Но хуже всего было даже не это. Патрика донимали сны и раздирали фантазии. Чем яростнее он боролся с ними, тем сильнее становились они. Постоянную девушку он себе так и не завёл: работа вкупе с депрессией и рефлексией отнимали всё время и силы. Девушки обижались на невнимание и бросали его. Да и знакомиться с женщинами особо было негде: коллектив на работе был почти полностью мужским, даже секретари, и те были парнями. Очень хорошенькими, надобно заметить. По некоторым и не скажешь, что мальчики. Именно они превращали его сны в сладкие кошмары. По части женственности и сексапильности эти холёные леди-бои могли дать фору любой девушке и совратить любого натурала. И Патрик, возможно, даже плюнул бы на свои принципы и сдался окончательно — какая в жопу разница? — да вот только куколки эти, как истинные женщины, предпочитали мужчин с деньгами и перспективой. В этом мире всё было, как везде, только наоборот.
Впрочем, женщины в Корпорации всё же были. Но ещё неизвестно, кто был противнее: сами геи или эти креативные дамочки — пригретые Кеймом слэшеры из отдела пиара и пропаганды, даже в туалет ходившие со своими ноутбуками. У них было только два состояния: «Не трогайте меня, я пишу!» и «Отстаньте от меня, у меня не пишется!».
Об уходе из Корпорации и думать было нечего: после всего, что он здесь узнал, в живых его бы не оставили, а если чудо и случилось бы, это всё равно не имело смысла — Йост достал бы его везде.
И когда Патрик уже потерял всякую надежду и от отчаяния и безысходности всё чаще заглядывал в стакан, в конце его туннеля забрезжил свет.
Молли могла стать той Ариадной, которая не просто выведет его из тупика, но и приведёт к вершине с несметными богатствами.

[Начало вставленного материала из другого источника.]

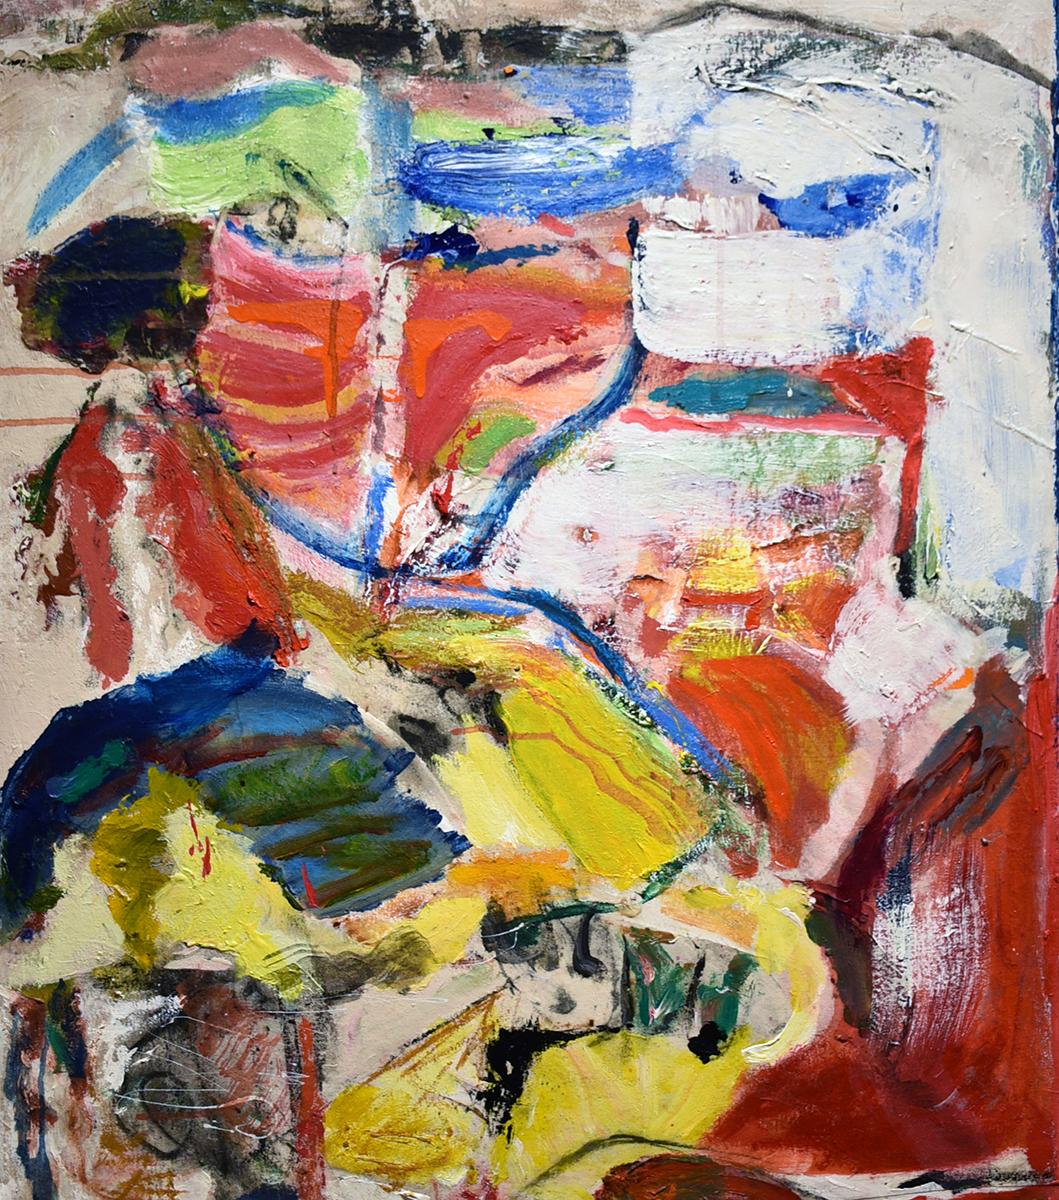 John Beardman, Skedaddle, 2017, Mixed Media on Canvas, 32 x 28 inches, low res.jpg

Вскружить голову юной неопытной дурочке, тщательно оберегаемой не в меру заботливым отцом от реальности и внешнего мира, особого труда не составило. Ну, а Хоффманн — дай ему Бог здоровья и долгих лет жизни! — не пожалел красок, чтобы впечатлить его достоинствами отца. Самому Мартину это тоже оказалось на руку. Он собирался в ближайшем будущем полностью переключиться на шоу-бизнес, но ему не на кого было оставить остальные дела, касающиеся политики и экономики, — в его ближайшем окружении не было человека, которому он достаточно доверял бы. Ввести в игру послушный и лояльный ему джокер и спутать все карты кружившим над ним стервятникам показалось главному кукловоду мира заманчивой идеей. При таком раскладе в выигрыше оставались все. Кроме Йоста, разумеется, грядущее низвержение которого радовало Патрика даже больше, чем собственное вознесение.
За это следовало выпить.
Патрик уже почти допил второй за этот вечер бокал виски, когда входная дверь отворилась и в бар вошёл белокурый парнишка лет двадцати. Заказав пива, он принялся растерянно озираться в поисках свободного места. На миг задержал взгляд на столике Патрика и заскользил глазами дальше. Патрик улыбнулся: с кружкой пива в руках это нежное ангелоподобное создание смотрелось крайне забавно. Настроение, подогретое хмелем и радужными перспективами, было на высоте. Хотелось любить весь мир. Ну, или хотя бы…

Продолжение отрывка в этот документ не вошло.